Are your children drowning in toys? So much so that they actually can’t decide what they want to play with because it’s so overwhelming?
Maybe you’ve heard Maria Montessori’s quote before: “Help me do it alone.” Well, this will only work if the right environment is given to the child. Montessori talks about the prepared environment.
So, what can you do to foster this philosophy and create a calm, beautiful and inspiring play area?
Start with a big declutter session. Gather every single toy around the house and sort it into categories. These may include cars, dolls, blocks, puzzles etc. You might then want to use the KonMari method developed by Marie Kondo. This means your child holds everything and asks him/herself: ‘Does this spark joy?’ or ‘Do I love this?’ If your children are not old enough, you can decide. Otherwise, I encourage you to include them and let them make decisions as well. Most children know instinctively what makes their hearts sing.
Assess what you have
Look at what is left in each category. This will help you decide how to store and display it. Chances are that you still have too much, and you might have to consider toy rotation.
Think about storage
You can’t foster independent dressing in the morning if the clothes are hung up high and they can’t reach them. The same philosophy goes for toys: if you want your kids to put toys away, the home where the toy lives must be easily accessible. It’s great to put the majority of toys on shelves, in baskets or in trays rather than in trunks or drawers. Maybe you already have these things at home, but otherwise you might have to invest in some furniture.
Rotate the toys and activities
Once you have the shelves and containers ready, start using and displaying the toys and activities. The rest should go into clear plastic containers with labels that will then be stored until you rotate the toys. The best to keep organised is to schedule the rotation date.

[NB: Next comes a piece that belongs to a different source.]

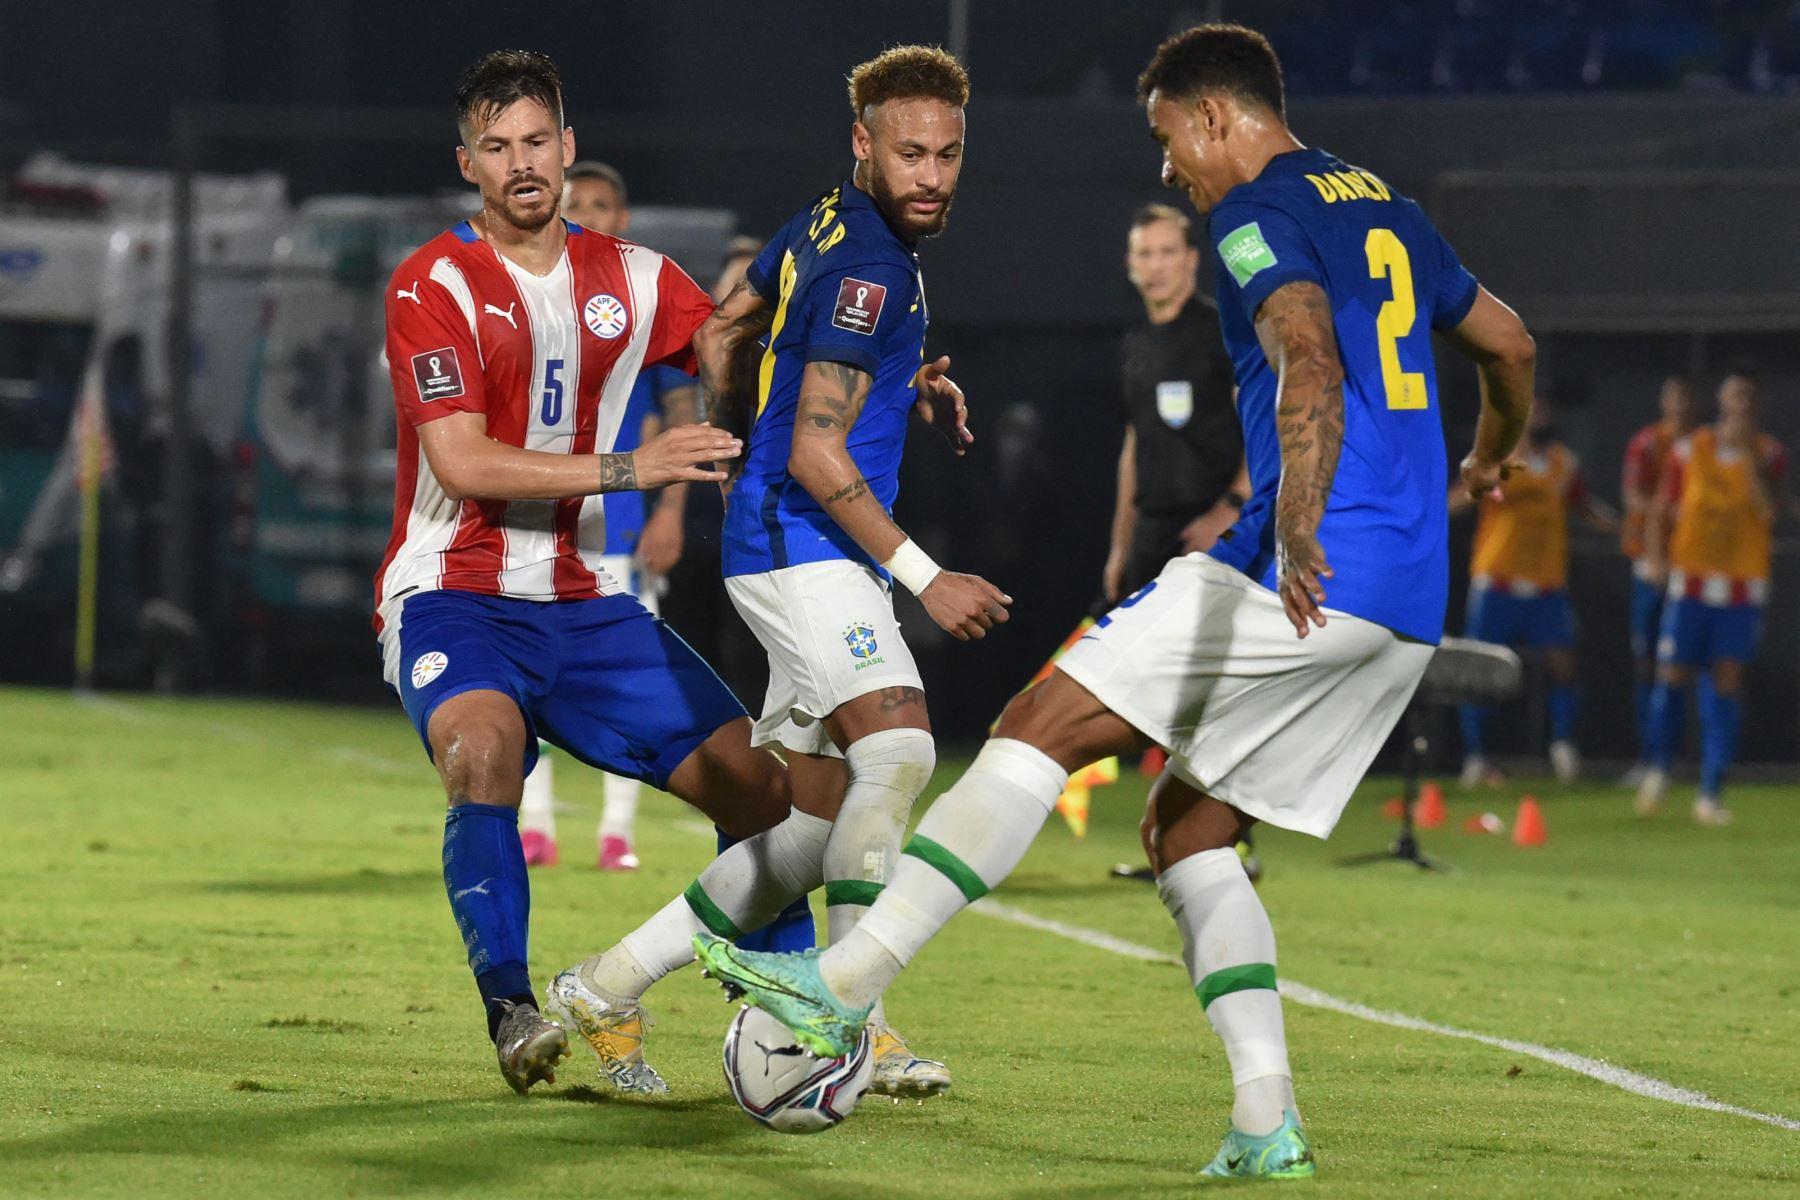 Los brasileños Neymar  y Danilo compiten por el balón con Gastón Giménez de Paraguay compiten por el balón durante su partido de clasificación sudamericano para la Copa Mundial de la FIFA Qatar 2022 en el Estadio Defensores del Chaco en Asunción. Foto: AFP

It is important to have house rules. Personally, I think being organised and orderly can be learned and is a life skill. This means that it’s up to us as parents to teach our children. One way to do this is by establishing rules in your home. This can range from putting things away before pulling out the next toy or a daily, quick tidy-up at the end of the day, to everything having a designated home.
Fewer, but better quality, toys
Invest in some good quality toys rather than cheap plastic stuff.
Try to get child-sized “tools” for activities. An example of this might be a small jar and a small glass from the op shop to practice pouring water, or a small broom to help clean the floor. Pre-school aged children especially don’t differentiate between play and work, so including them in daily housework chores has nothing to do with child labour, but with transferring life skills, and most children really enjoy this.